----- Recorded information -----

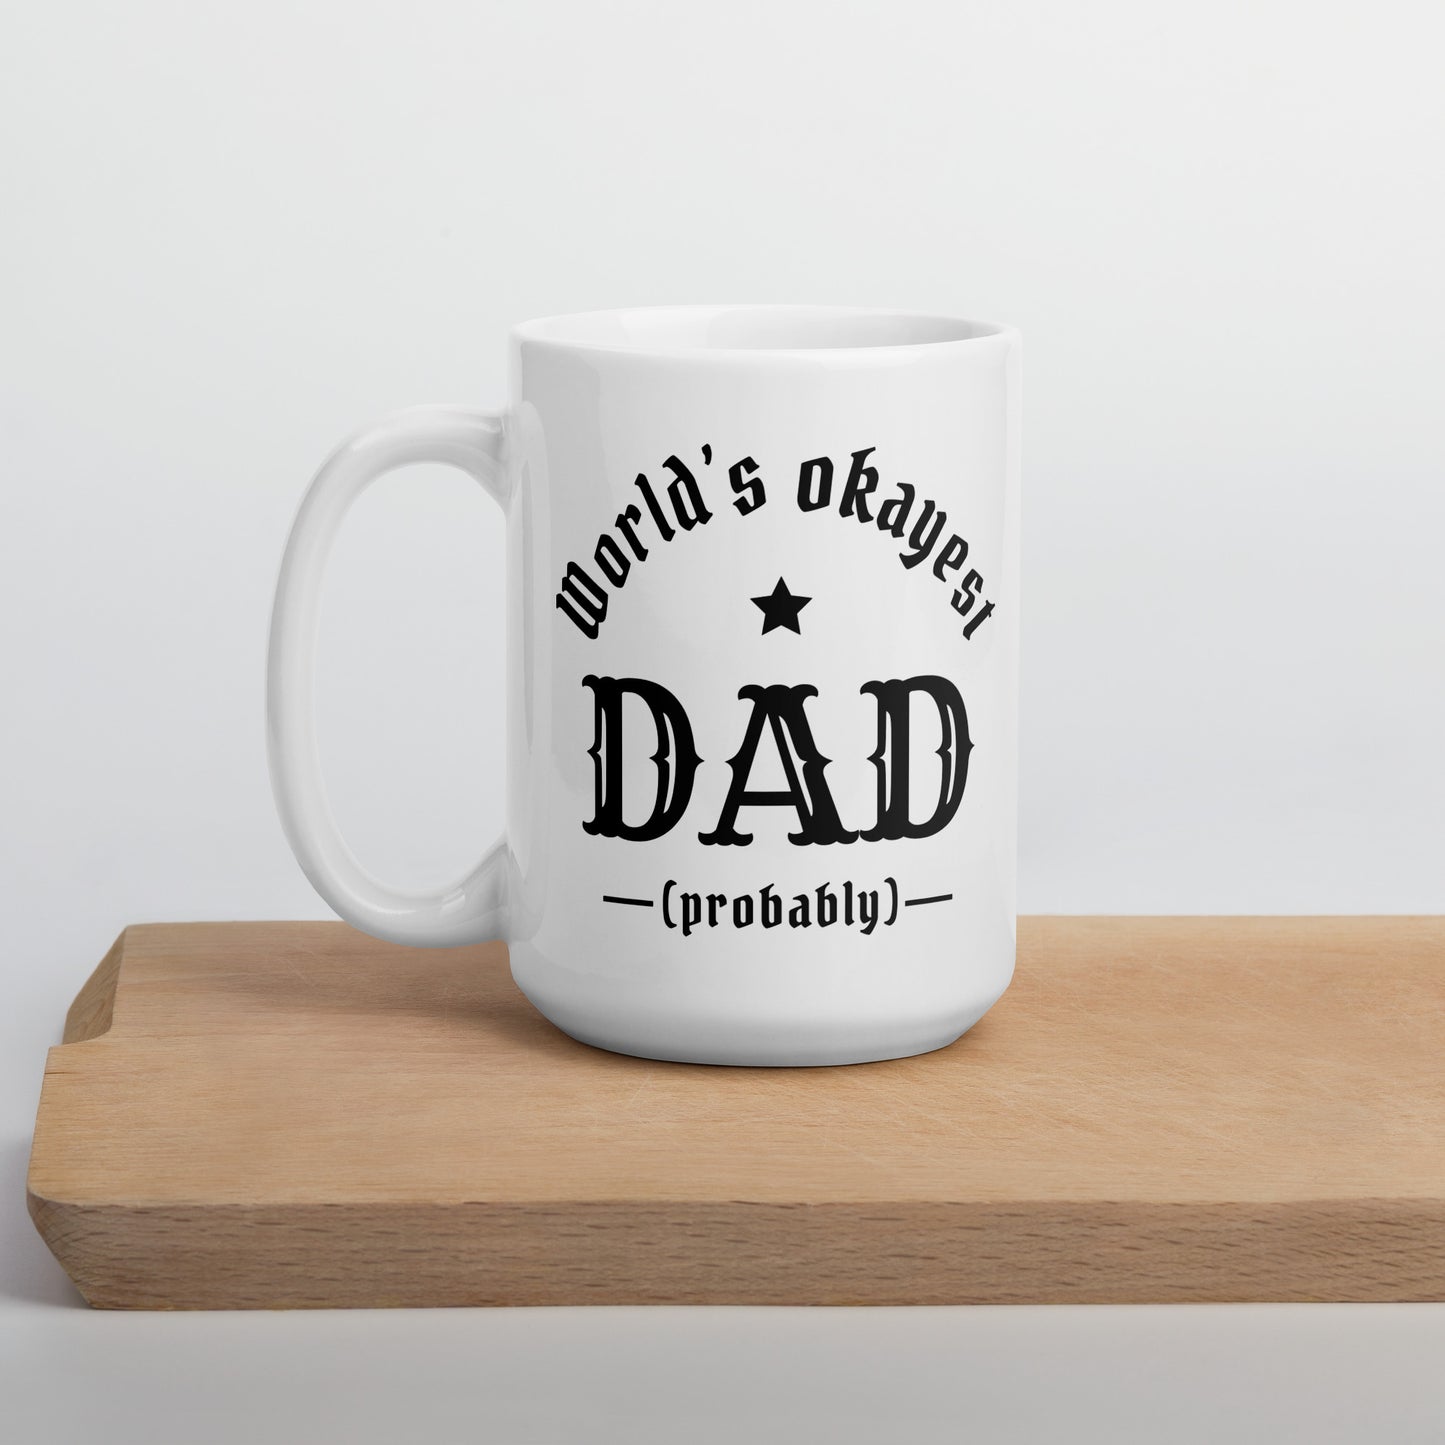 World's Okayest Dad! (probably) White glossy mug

-----
----- Recorded information -----

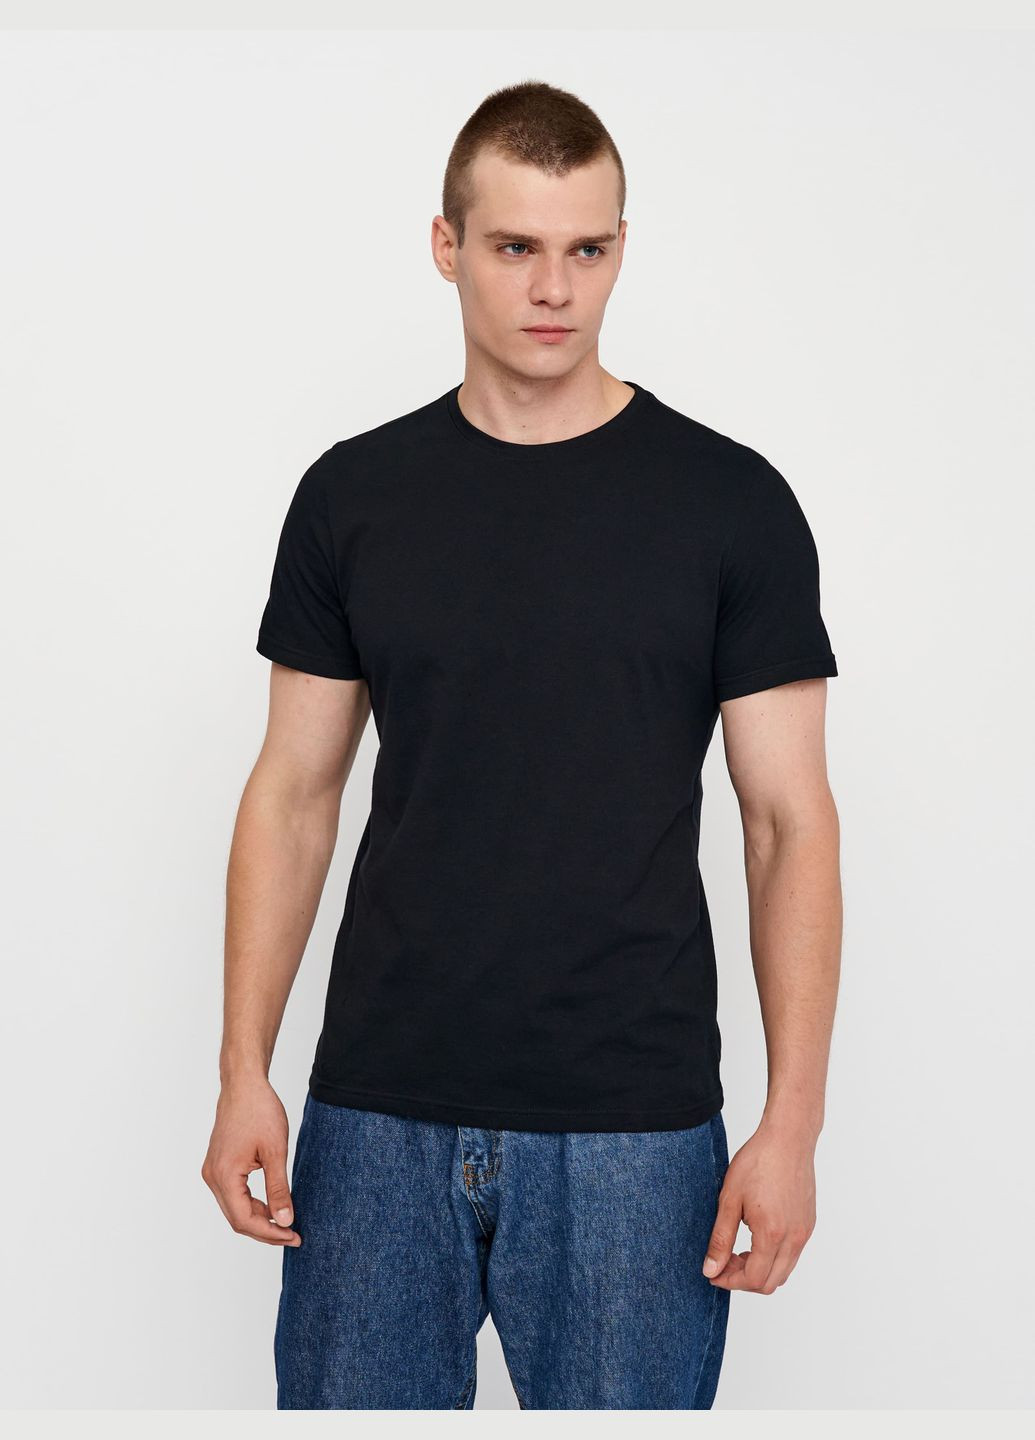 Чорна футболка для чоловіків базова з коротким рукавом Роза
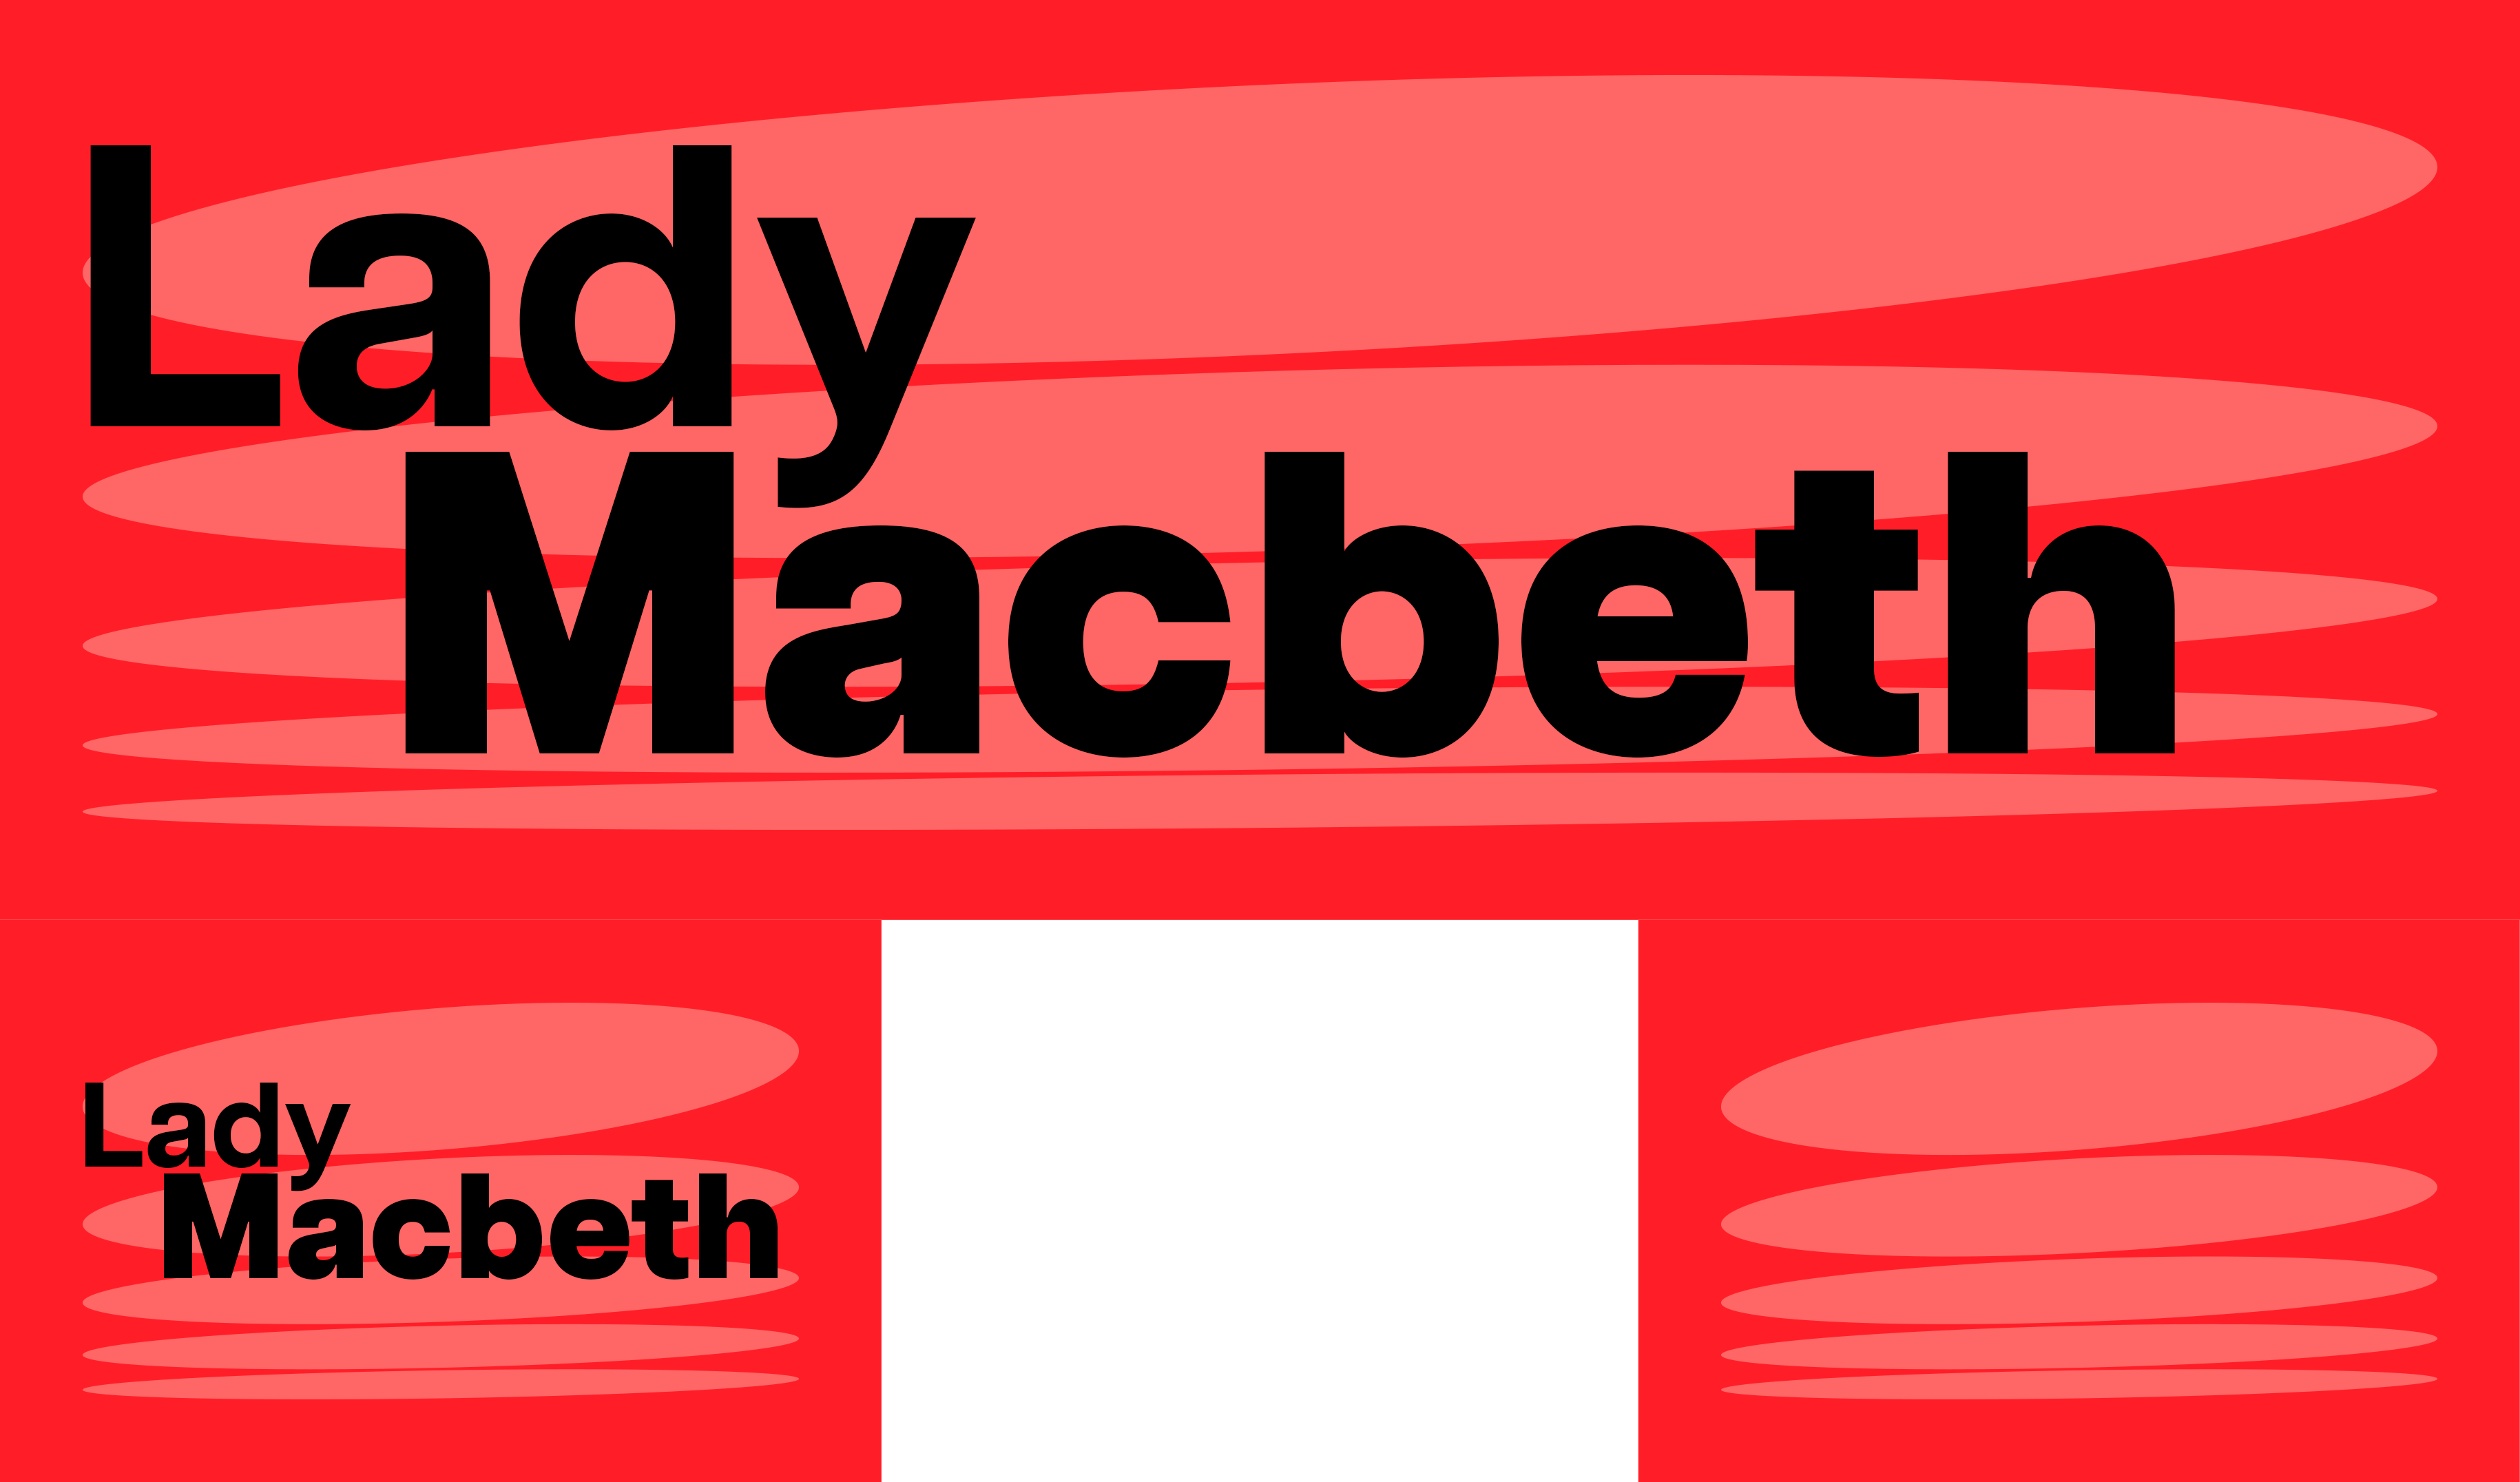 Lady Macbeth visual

-----
----- Recorded information -----

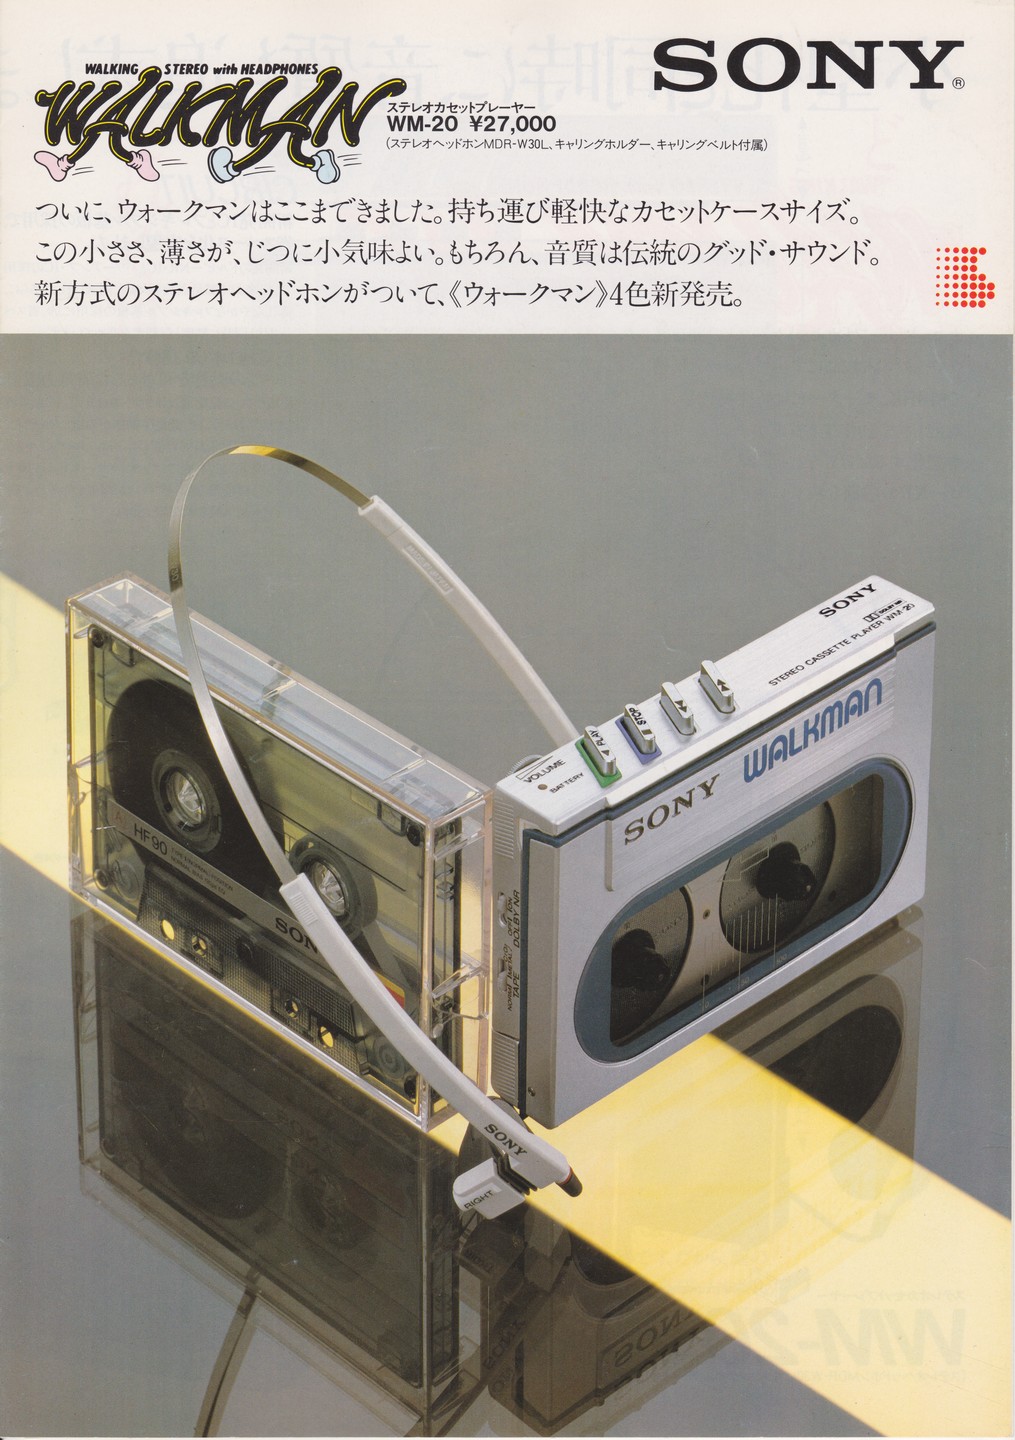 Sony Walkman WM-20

-----

== Exercise requirements ==
Pictures in the entries do not go into the copy. Print only the lines starting at the one containing "Чорна футболка для" and ending at the one containing "Lady Macbeth visual", exactly as they appear.

== Your response ==
 Чорна футболка для чоловіків базова з коротким рукавом Роза
 Lady Macbeth visual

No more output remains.